- [Instructions for the task]: Starting at the line that contains "I always look", reproduce only the lines through the end of the data, exactly, including both the first and the last; skip the pictures.

- [Given data]:
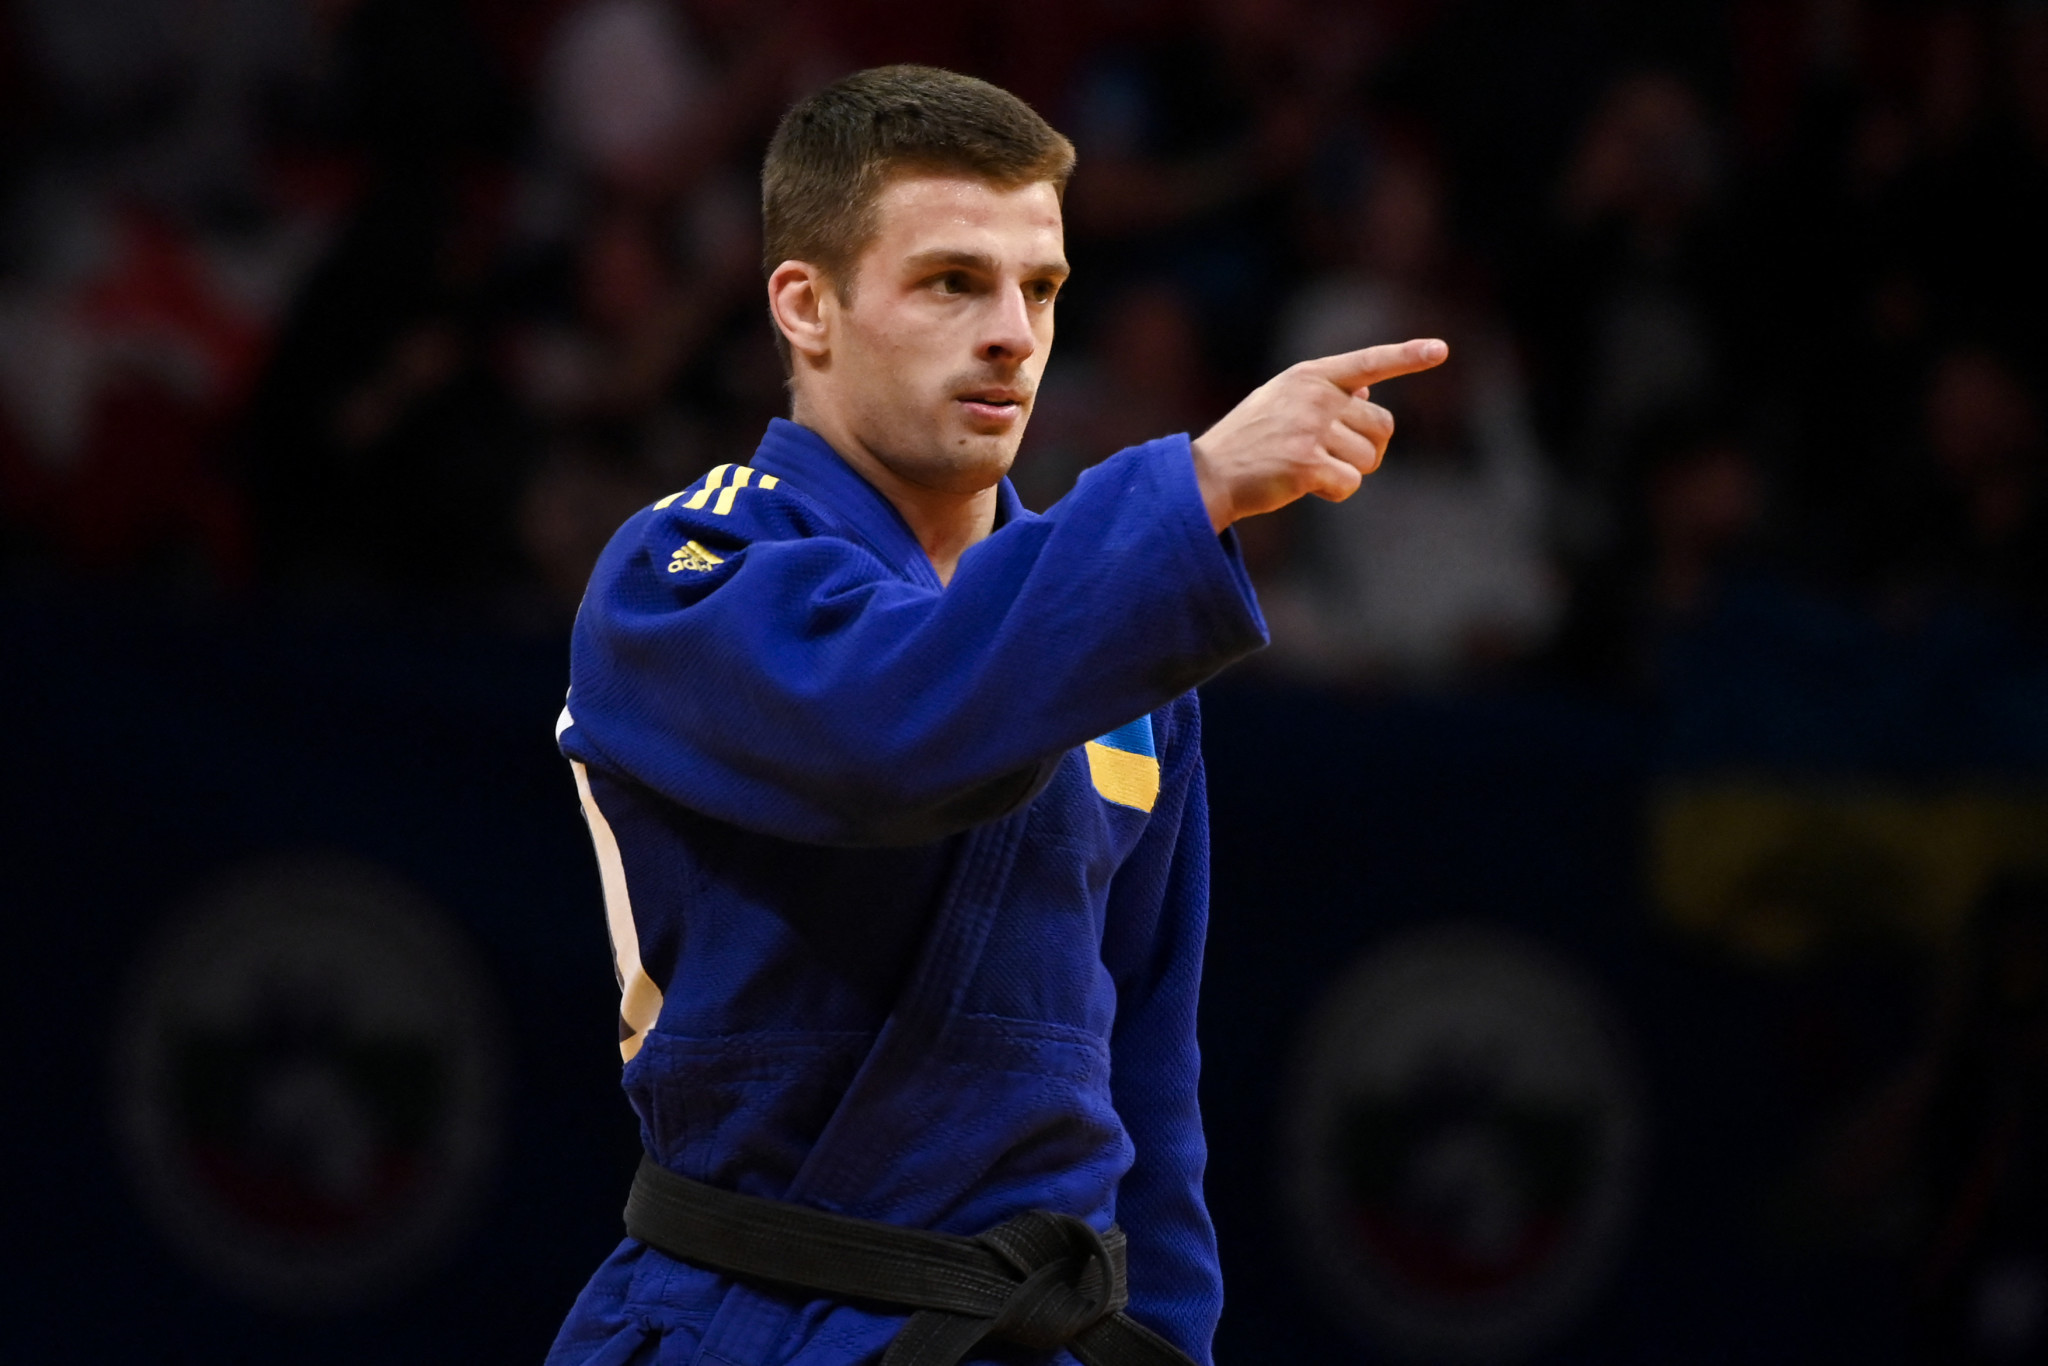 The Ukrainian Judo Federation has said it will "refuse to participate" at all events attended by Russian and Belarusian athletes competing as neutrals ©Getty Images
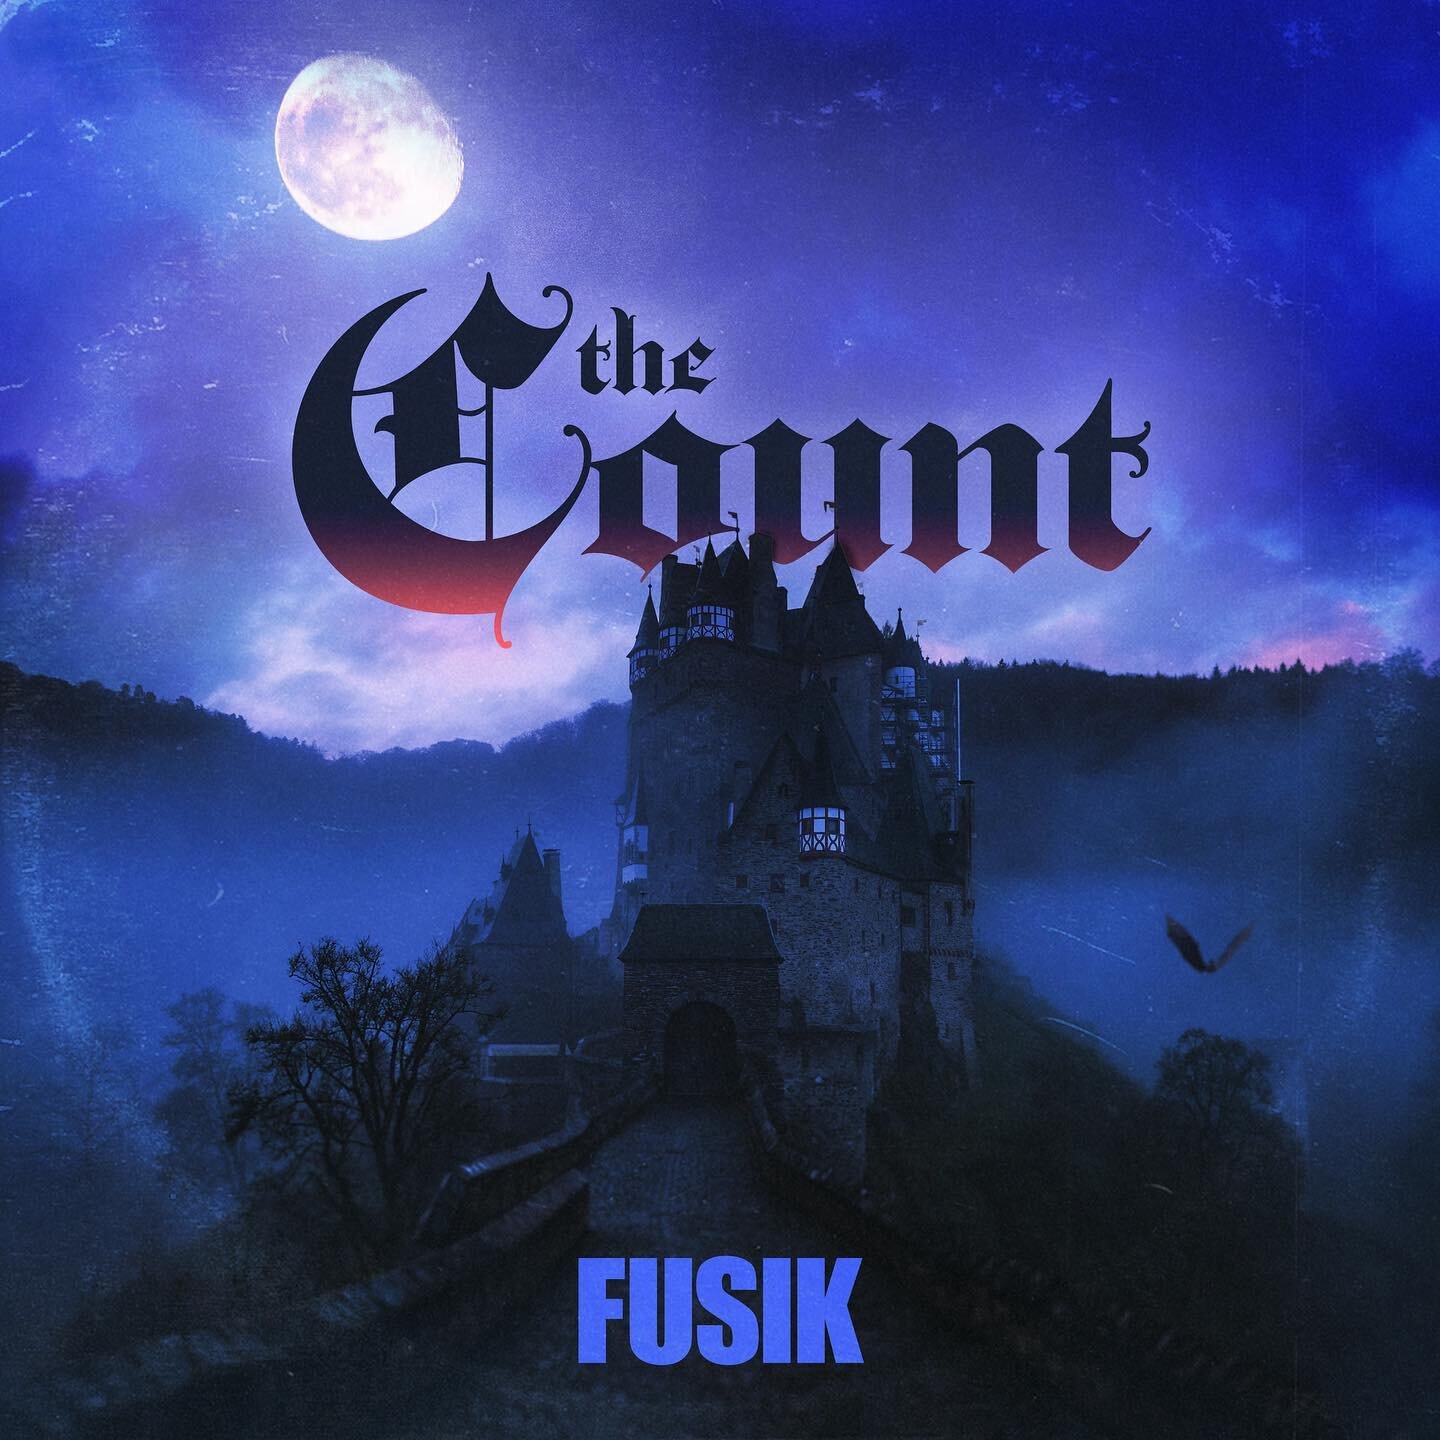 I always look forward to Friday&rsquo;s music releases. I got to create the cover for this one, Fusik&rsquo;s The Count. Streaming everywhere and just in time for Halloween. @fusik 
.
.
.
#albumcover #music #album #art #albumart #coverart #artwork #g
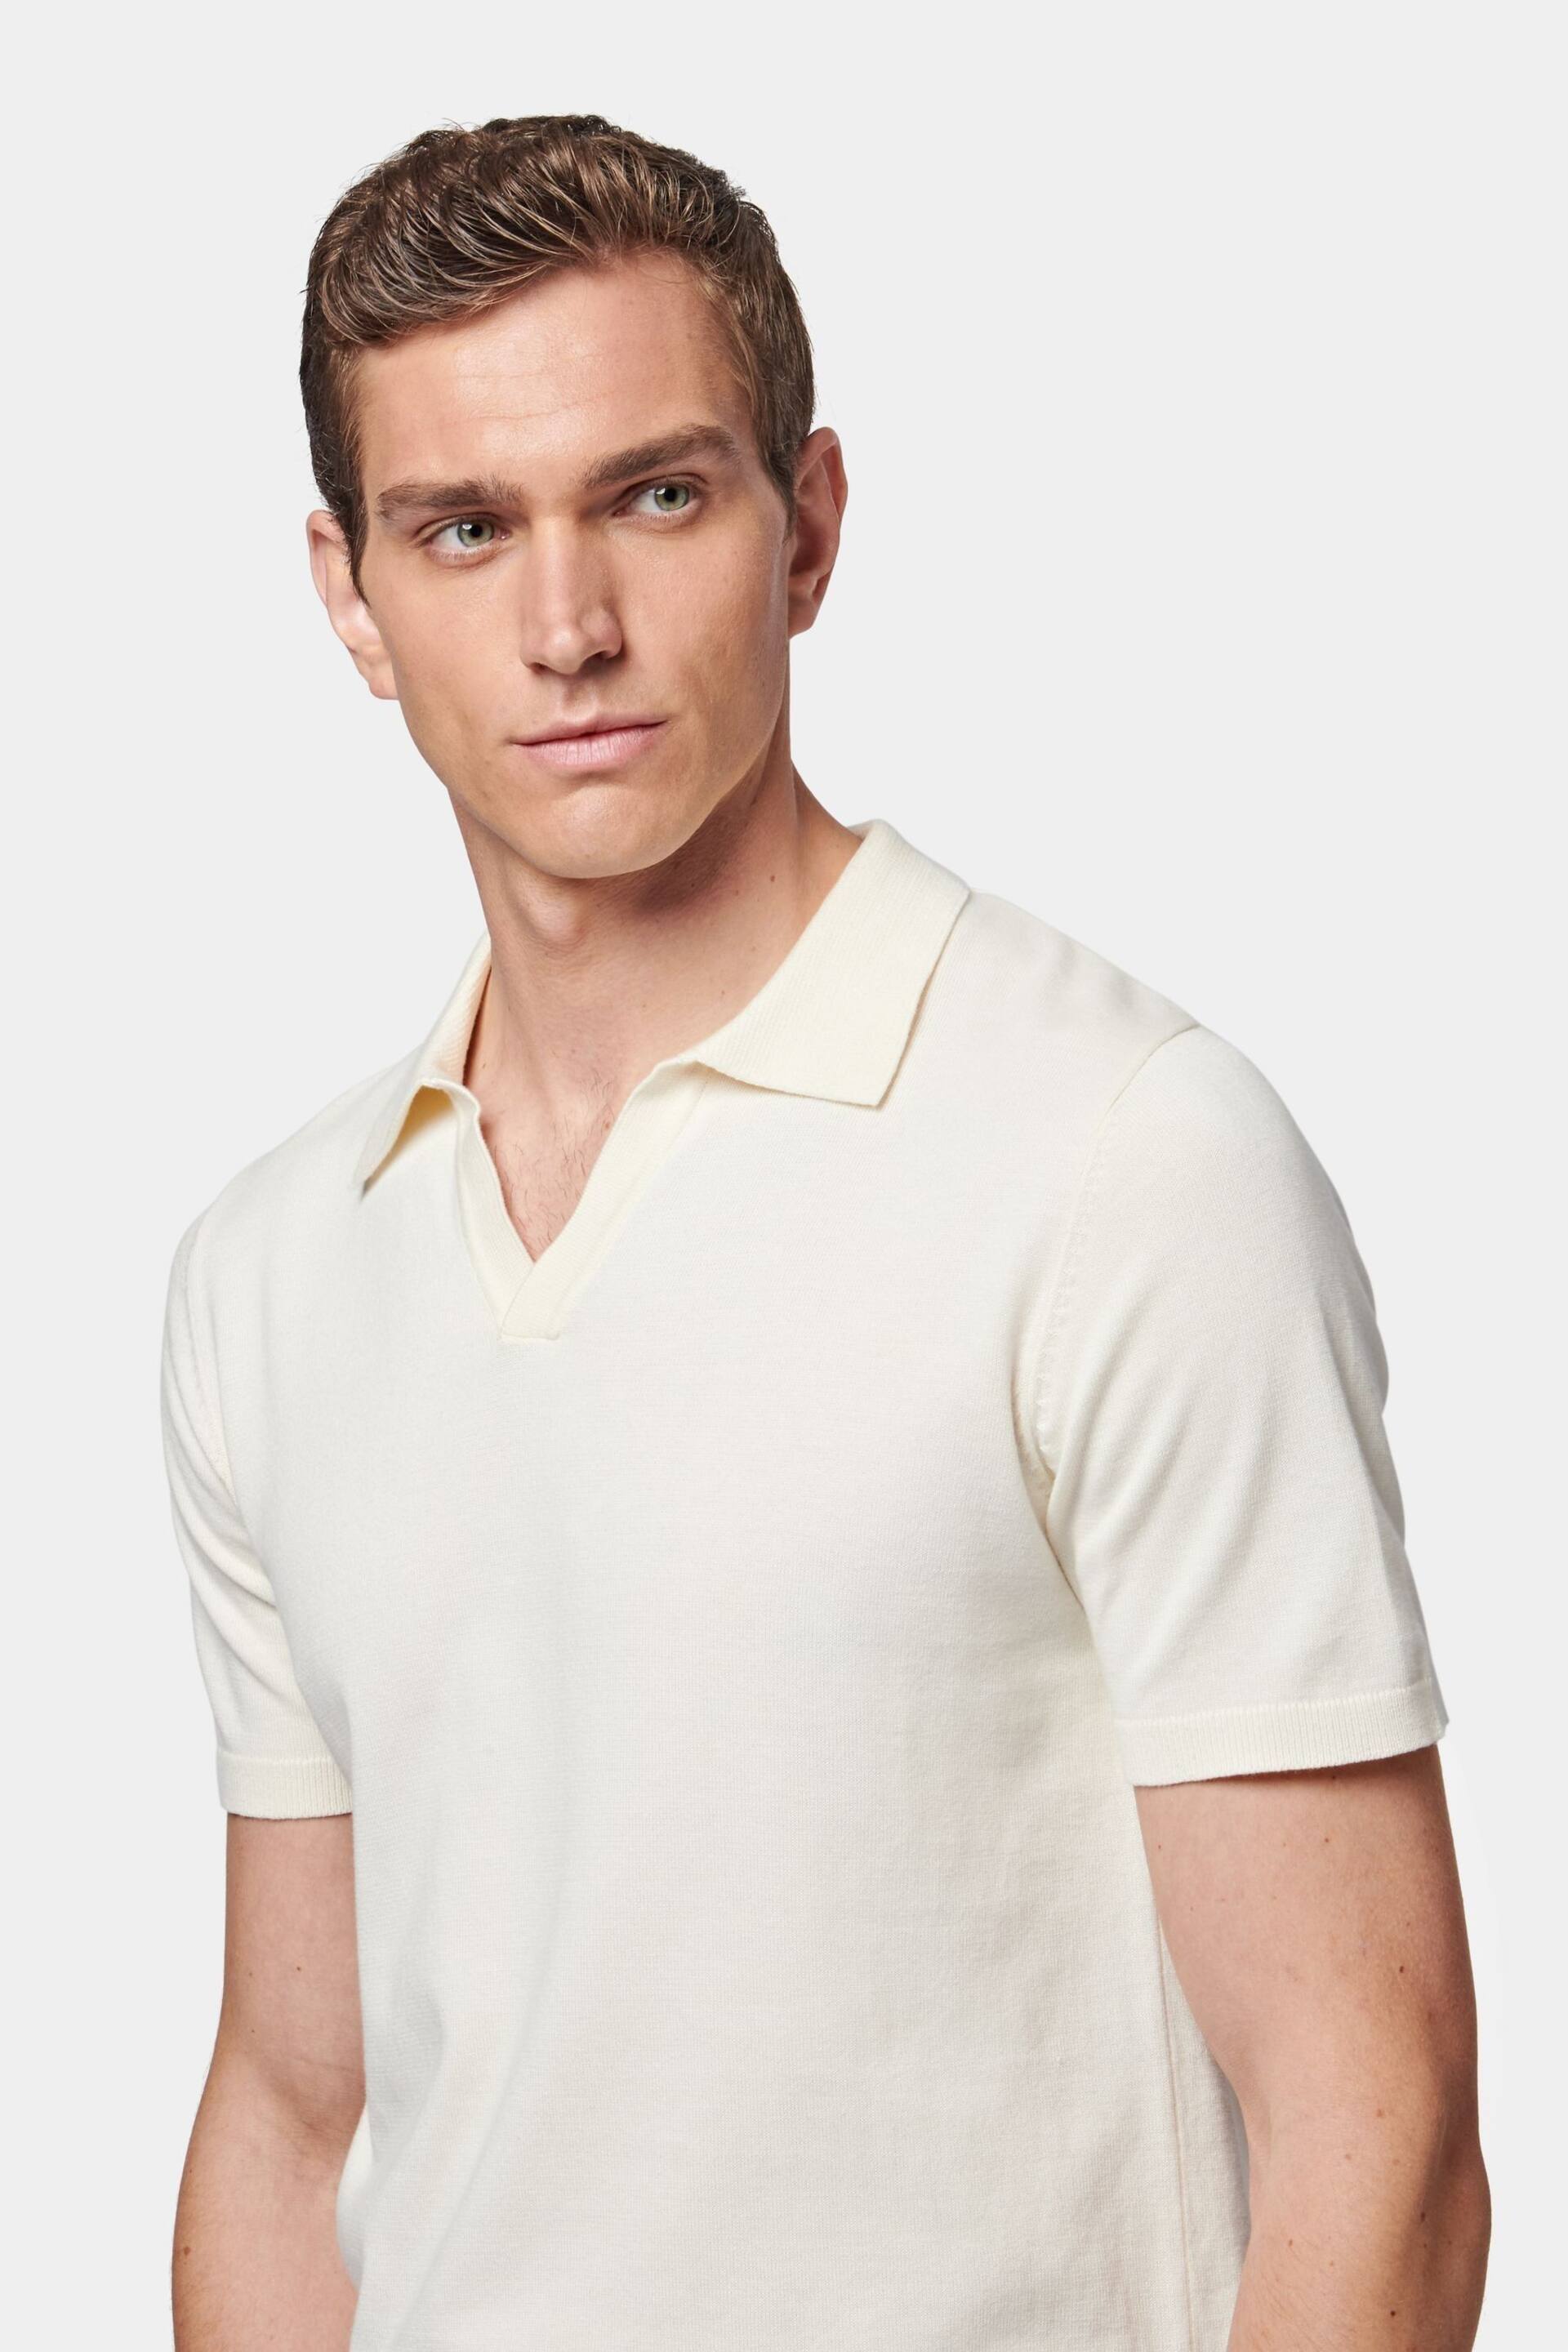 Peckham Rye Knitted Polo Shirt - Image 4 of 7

- [Response to the task]:
 I always look forward to Friday&rsquo;s music releases. I got to create the cover for this one, Fusik&rsquo;s The Count. Streaming everywhere and just in time for Halloween. @fusik 
.
.
.
#albumcover #music #album #art #albumart #coverart #artwork #g
 Peckham Rye Knitted Polo Shirt - Image 4 of 7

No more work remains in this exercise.